Borrowing a leaf, perhaps, from President Donald Trump’s book, Imran Khan (IK), without doubt an icon of Pakistani politics, has also gone public as far as his agenda for the future of Pakistan is concerned.

In the last week of January, IK penned two letters: one to the Chief Justice of Pakistan, Yahya Afridi, and the other to the incumbent Army Chief, General Asim Munir.

In his letter to CJ Afridi, IK drew his attention to the breakdown of the judicial system in the country and requested his addressee for an early hearing of his PTI’s petition against the brazen theft of the people’s mandate in last February’s general elections. He reminded the CJ that he had also addressed a similar letter to his predecessor, Justice Faez Isa, in June 2024.

While writing his letter to CJ Afridi, IK must have known well in his heart, that his petition to the new custodian of Pakistan’s broken justice system would, most likely, remain as unattended as was the case under a palpably hostile and inimical Faez Isa. The 26 th Amendment to the country’s Constitution has, for all practical purposes, snuffed life out of Pakistani justice. Justice Afridi may be a more humane figure at the head of the judiciary but he, too, is as hidebound and as much a figurehead as was Isa.

It’s IK’s second letter—the one to the incumbent military chief Asim Munir—that has evoked the kind of interest such a letter should in any polity animated by its people.
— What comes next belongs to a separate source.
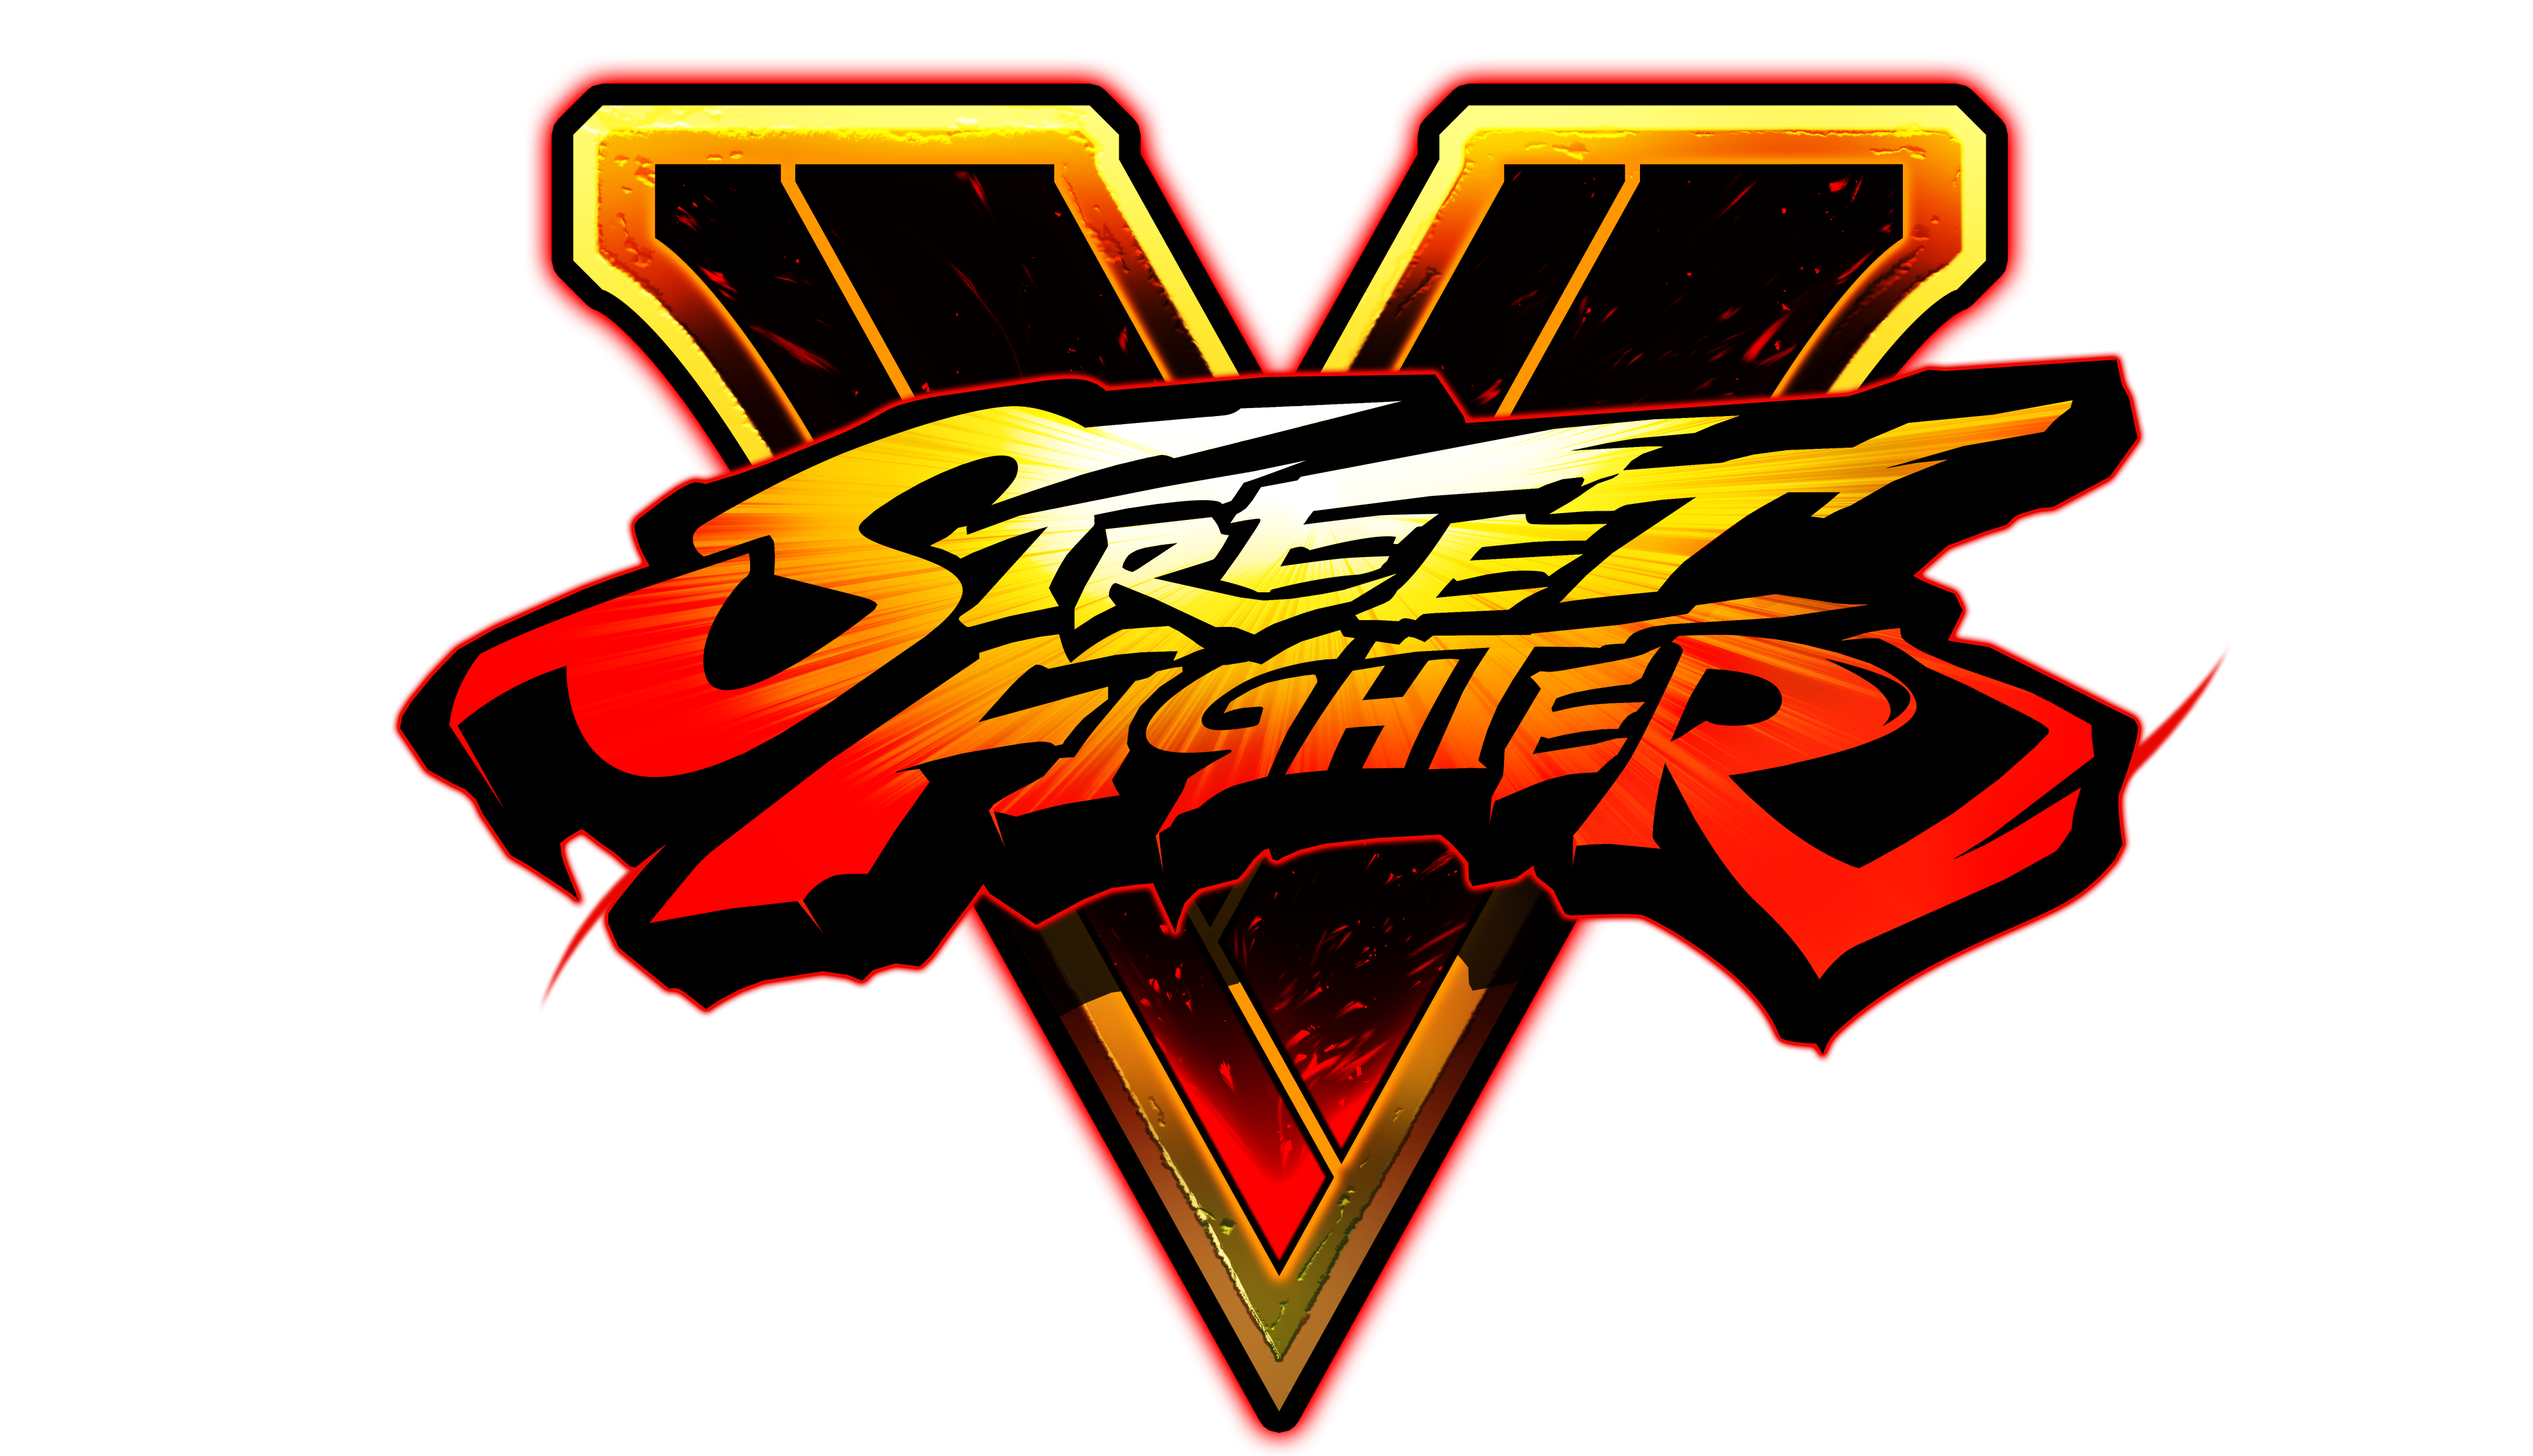 Street fighter 2014 trailer latino dating 5
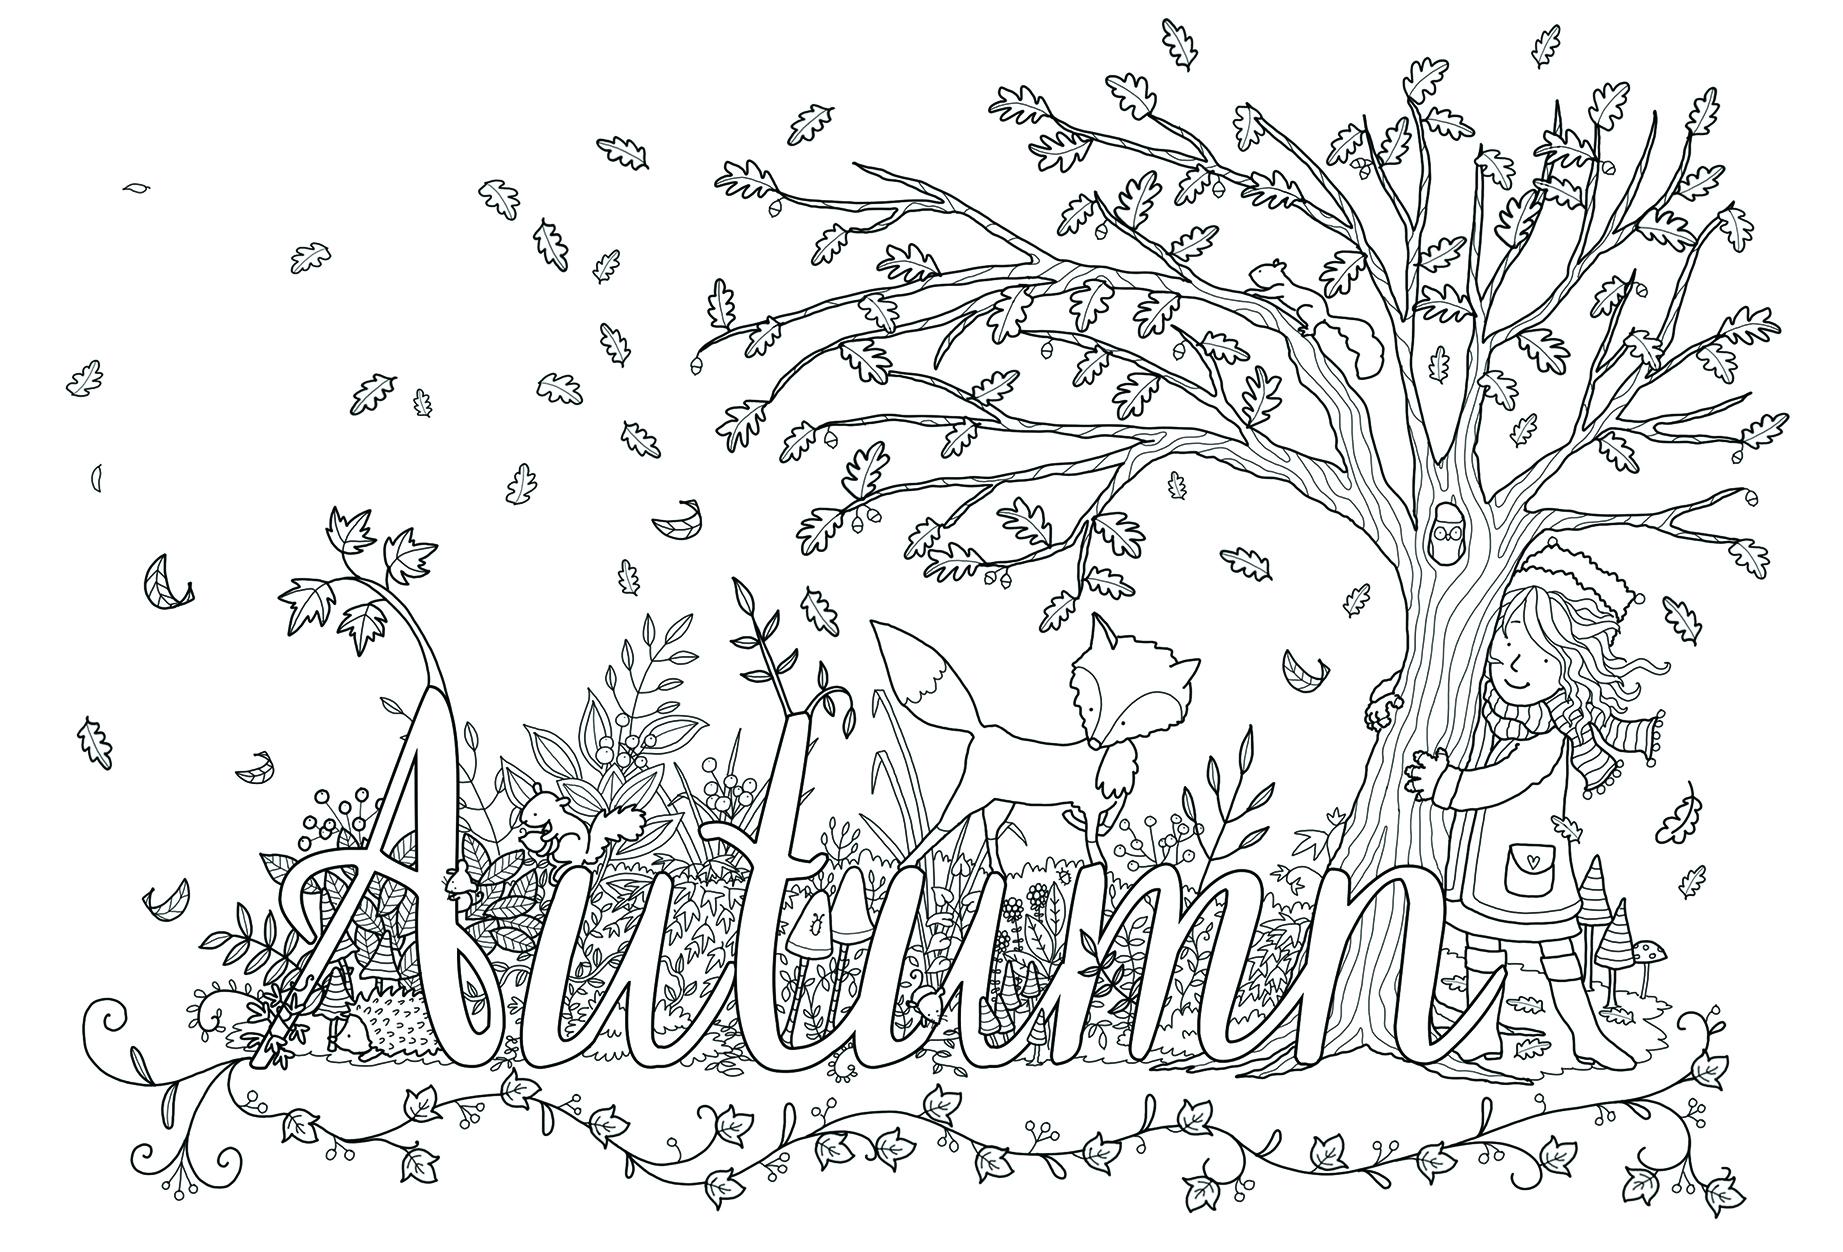 claire keay_autumn adult colouring line art

It was Asim Munir’s diabolically scheming and intriguing predecessor, General Qamar Bajwa, who hatched the nefarious plot to topple IK’s democratic government from power. The Pakistani army—or, to be precise, its overly ambitious Bonapartist generals—has played a role in spoiling Pakistan’s democratic credentials, and stunting its growth into a democratic polity, from as far back as one can remember.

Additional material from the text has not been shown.